В примере (4а) агонист имеет тенденцию к изменению состояния (движению), и никакого антагониста в рассмотрение не вводится, тогда как в (4б) сообщается о том, что тенденция к движению оказывается сильнее противодействия антагониста (здесь силы трения). В (5а) об антагонисте тоже ничего не говорится, а вот в (5б) сообщается о том, что тенденция к изменению (желанию быть невежливой) успешно преодолена. В (6а) говорится о том, как была преодолена тенденция к покою, а в (6б) – о том, как взяла верх над какими-то обстоятельствами тенденция к изменению.

В плане методов здесь налицо непосредственная преемственность, если не тождество: представители когнитивной лингвистики практикуют именно лингвистический эксперимент в смысле Л. В. Щербы, т. е. их исследования опираются на интроспекцию и суждения информанта, обычно самого исследователя, относительно приемлемости/неприемлемости тех или иных языковых форм – как можно и как нельзя сказать.

Эмпирическим материалом являются авторские примеры (т. е. лингвистическая интуиция авторов), размеченные по степени их приемлемости (в частности, грамматичности).

«Она поспала за 8 мин» является аргументом в пользу введения противопоставления ограниченных и неограниченных концептуальных сущностей в рамках понятийной категории конфигурационной структуры.

Естественная сосредоточенность когнитивной лингвистики на семантической проблематике и методологическая близость ее к лингвистической семантике объясняет стремление ряда авторов, особенно в России, говорить именно о когнитивной семантике, а не о когнитивной лингвистике или грамматике. Следует заметить, кроме того, что некоторые авторы в отечественной лингвистике (Т. В. Булыгина, М. Я. Гловинская, А. П. Володин, В. С. Храковский) давно высказывались о возможности постулирования понятийных суперкатегорий.

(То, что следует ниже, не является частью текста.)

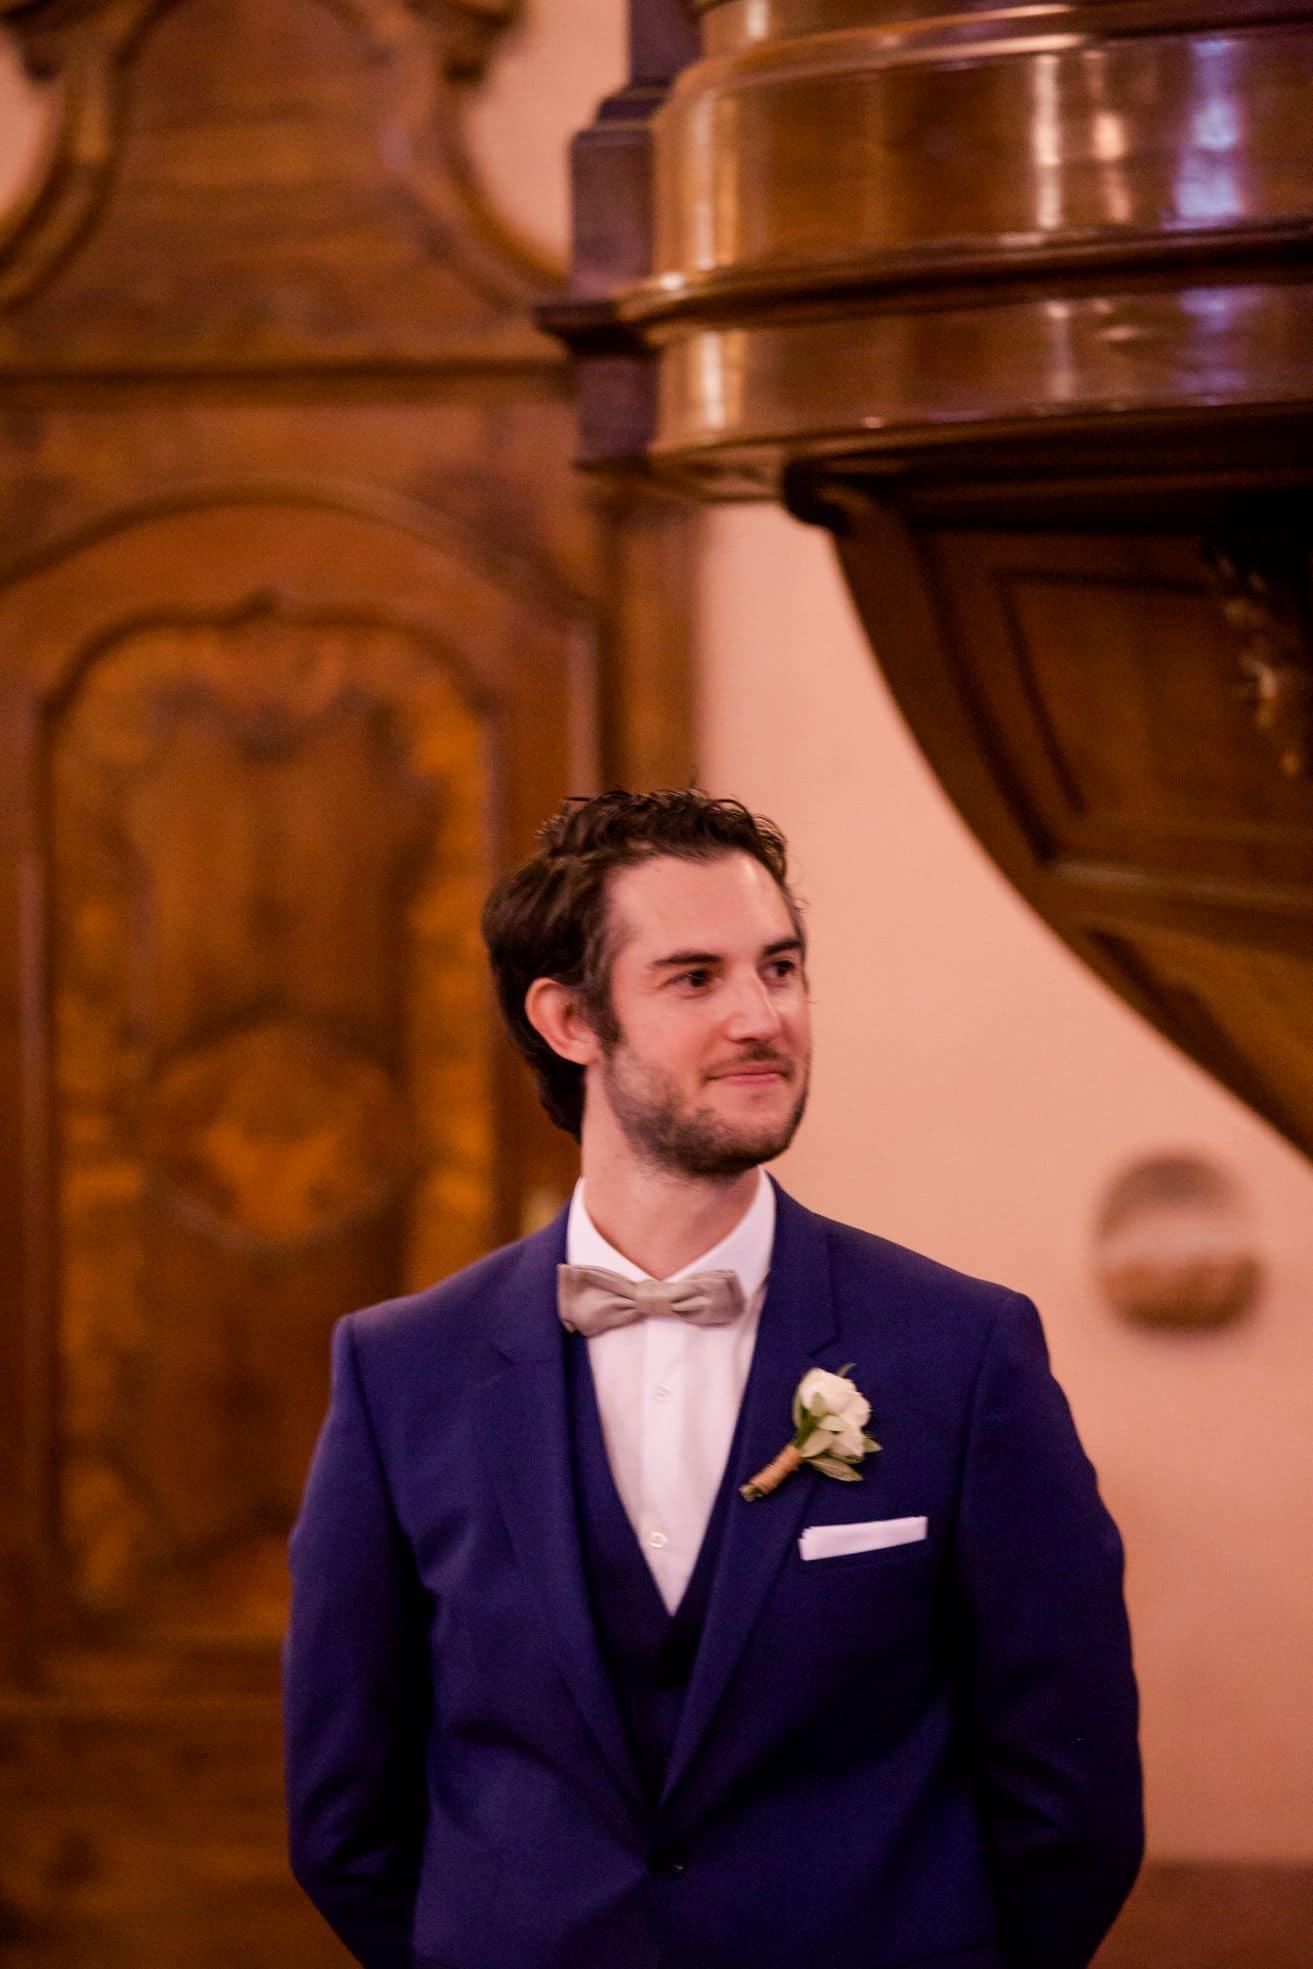 Million Memories_A&D_Hochzeitsfotograf_Schlosshochzeit_Toskana_Lago Di Como_Wedding_Tuscany_086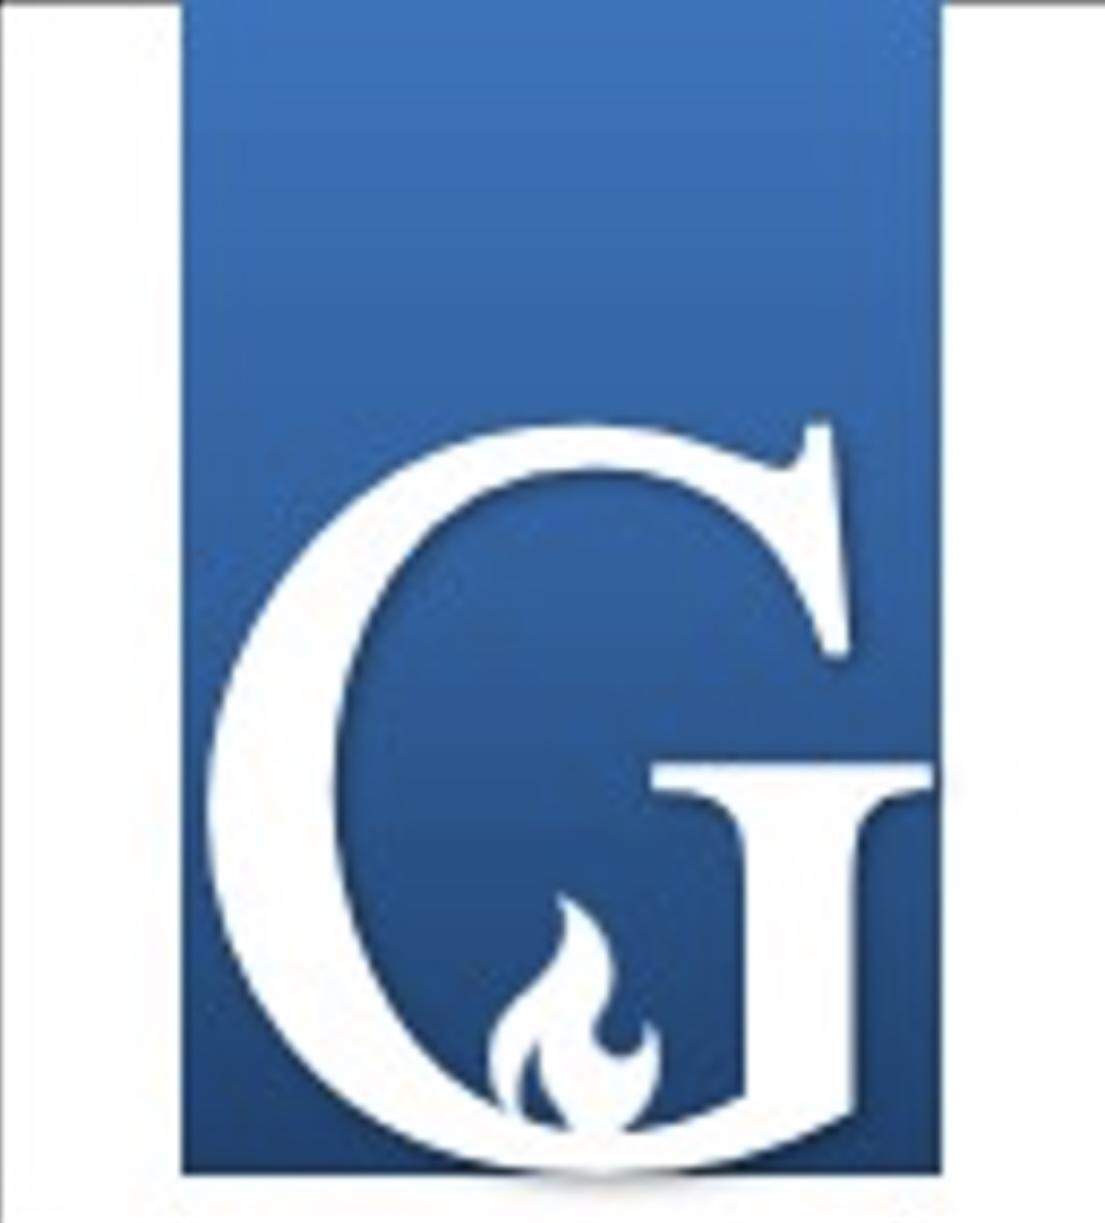 R Groom Plumbing and Heating Verified Logo

Именно из семантики пришли в когнитивную лингвистику наиболее яркие ее представители. Однако ограничиться такой констатацией, что иногда делается, было бы недостаточно, прежде всего, потому, что некоторые результаты, полученные в когнитивной лингвистике, применимы не только к семантике языка (его плану содержания), но и к плану выражения, т. е. собственно формальным закономерностям языка. Так, разработанное в когнитивной лингвистике понятие прототипа применимо также в фонологии, морфологии, диалектологии и т. д.

3. У когнитивной лингвистики имеется еще один, причем исторически очень существенный источник. Ее формирование происходило почти одновременно (с отставанием на 2–3 года) с возникновением так называемой когнитивной науки (англ. cognitive science), называемой также когнитологией или когитологией. Предметом когнитивной науки является устройство и функционирование человеческих знаний, а сформировалась она в результате развития инженерной дисциплины, известной как искусственный интеллект.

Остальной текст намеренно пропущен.